Reputation: 125
I am trying to clean up some log and want to extract general information from the message. I am newie to python and just learn regular expression yesterday and now have problems.
My message look like this:
Report ZSIM_RANDOM_DURATION_ started
Report ZSIM_SYSTEM_ACTIVITY started
Report /BDL/TASK_SCHEDULER started
Report ZSIM_JOB_CREATE started
Report RSBTCRTE started
Report SAPMSSY started
Report RSRZLLG_ACTUAL started
Report RSRZLLG started
Report RGWMON_SEND_NILIST started
I try to some code:
clean_special2=re.sub(r'^[Report] [^1-9] [started]','',text)
but I think this code will remove all rows however I want to keep the format like Report .....Started. So I only want to remove the jobs name in the middle.
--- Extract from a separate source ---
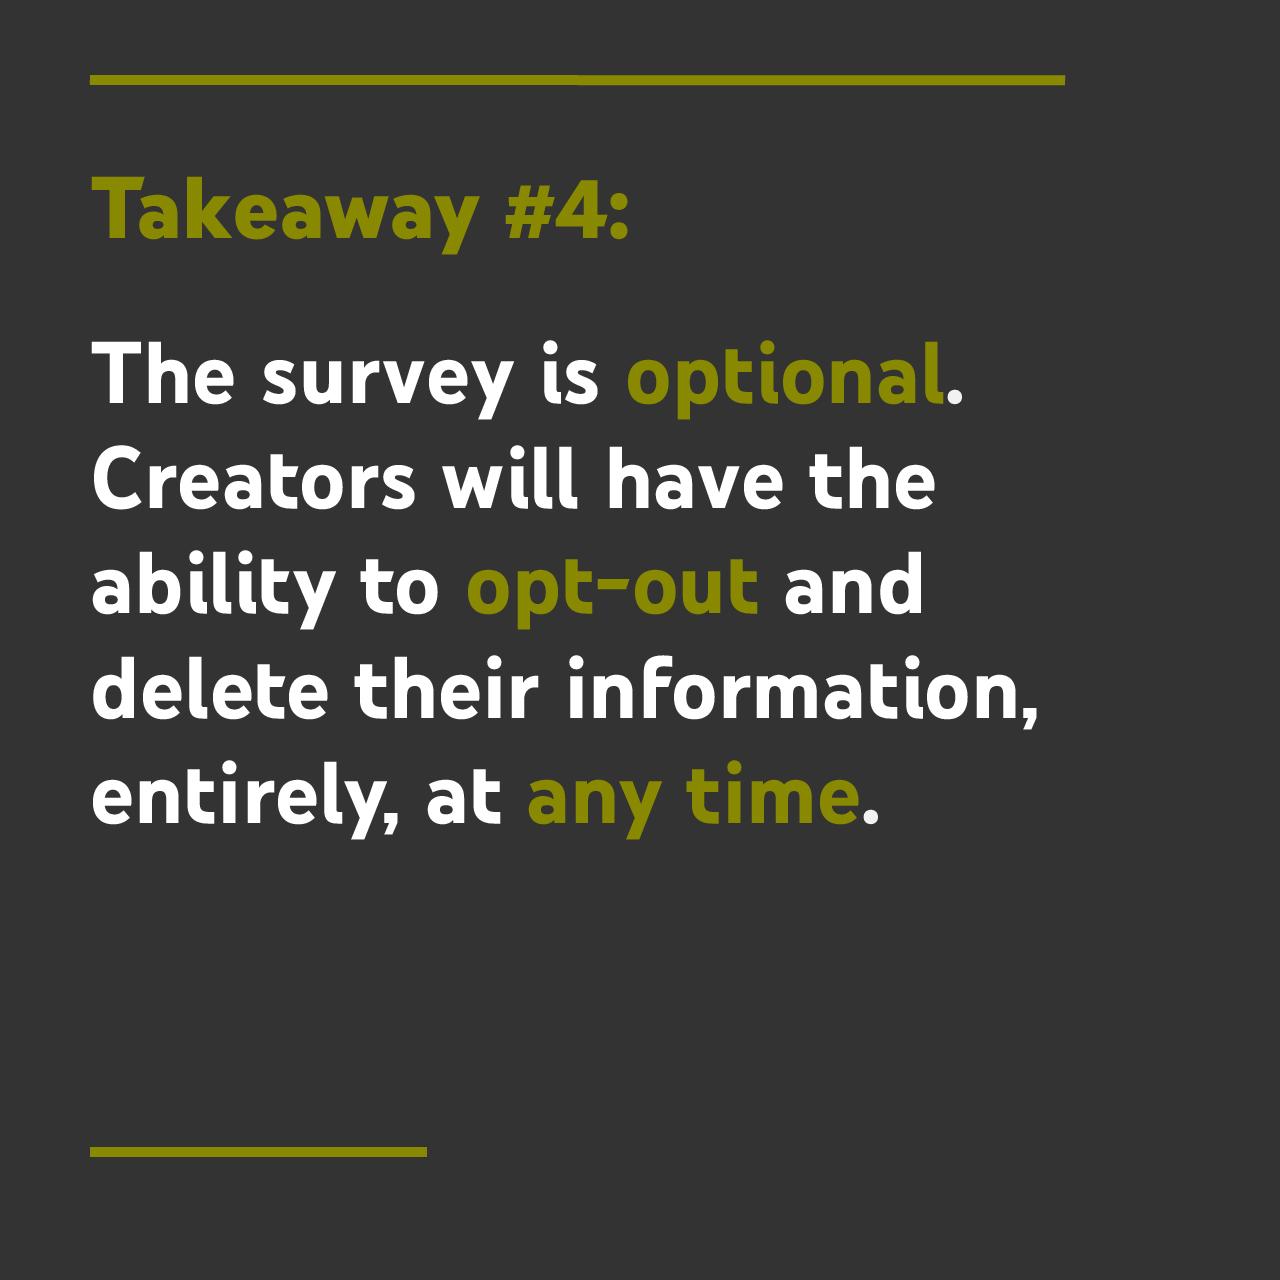 takeaway #4
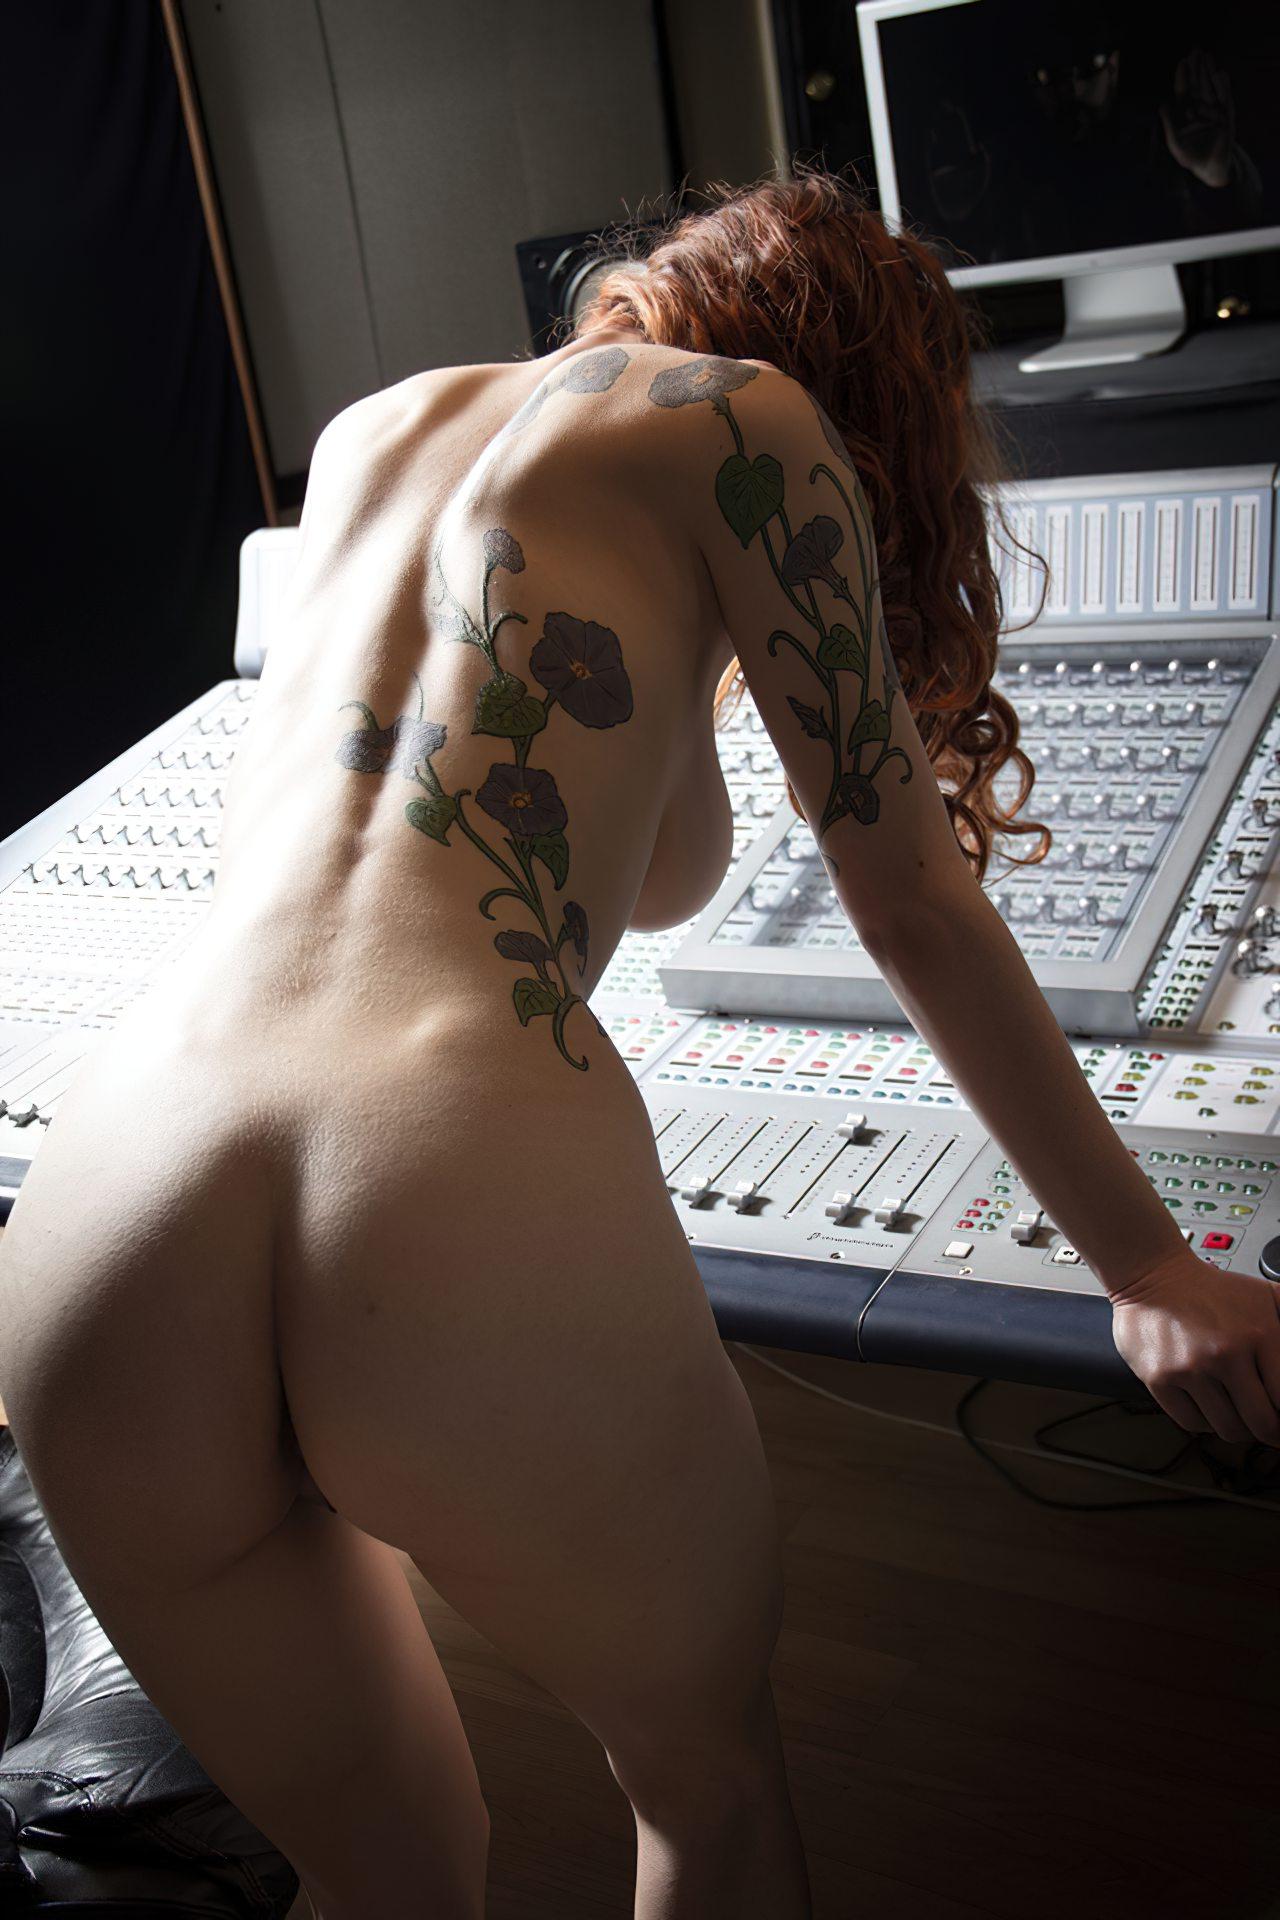 Fotos de Mulheres Despidas (27)

I expect my outcome looks like this:
Report started
Anyone can help me with a idea? Thank you very much!
Upvotes: 2
Views: 6425
Reputation: 3515
This should do... '^Report\ [^\ ]*\ started'
Regex is black magic, only use it when you have to. Online tools make it much easier to write: https://regex101.com/
Upvotes: 1
Reputation: 45
I don't know about the python syntax but I can sure this regexp can help you match your string
/^Report\W+([\w&.#@%^!~-]+)\W+started/m*
The python string might be like this
text = "Report ZSIM_RANDOM_DURATION_ started";
clean_special2=re.sub(r'^Report\W+([\w&.#@%^!~-]+)\W+started',' ',text)*
Upvotes: 1
Reputation: 60190
Try something like this:
clean_special2=re.sub(r'(?<=^Report\b).*(?=\bstarted)',' ',text)
Explanation: the (?<=...)
is a positive lookbehind, e.g. the string must match the content of this group, but it will not be captured and thus not replaced. Same thing on the other side with a positive look-ahead (?=...)
. The \b
is a word boundary, so that everything between these words will be matched. Since this will also trim away the whitespace, the replacement is a single whitespace.
Upvotes: 3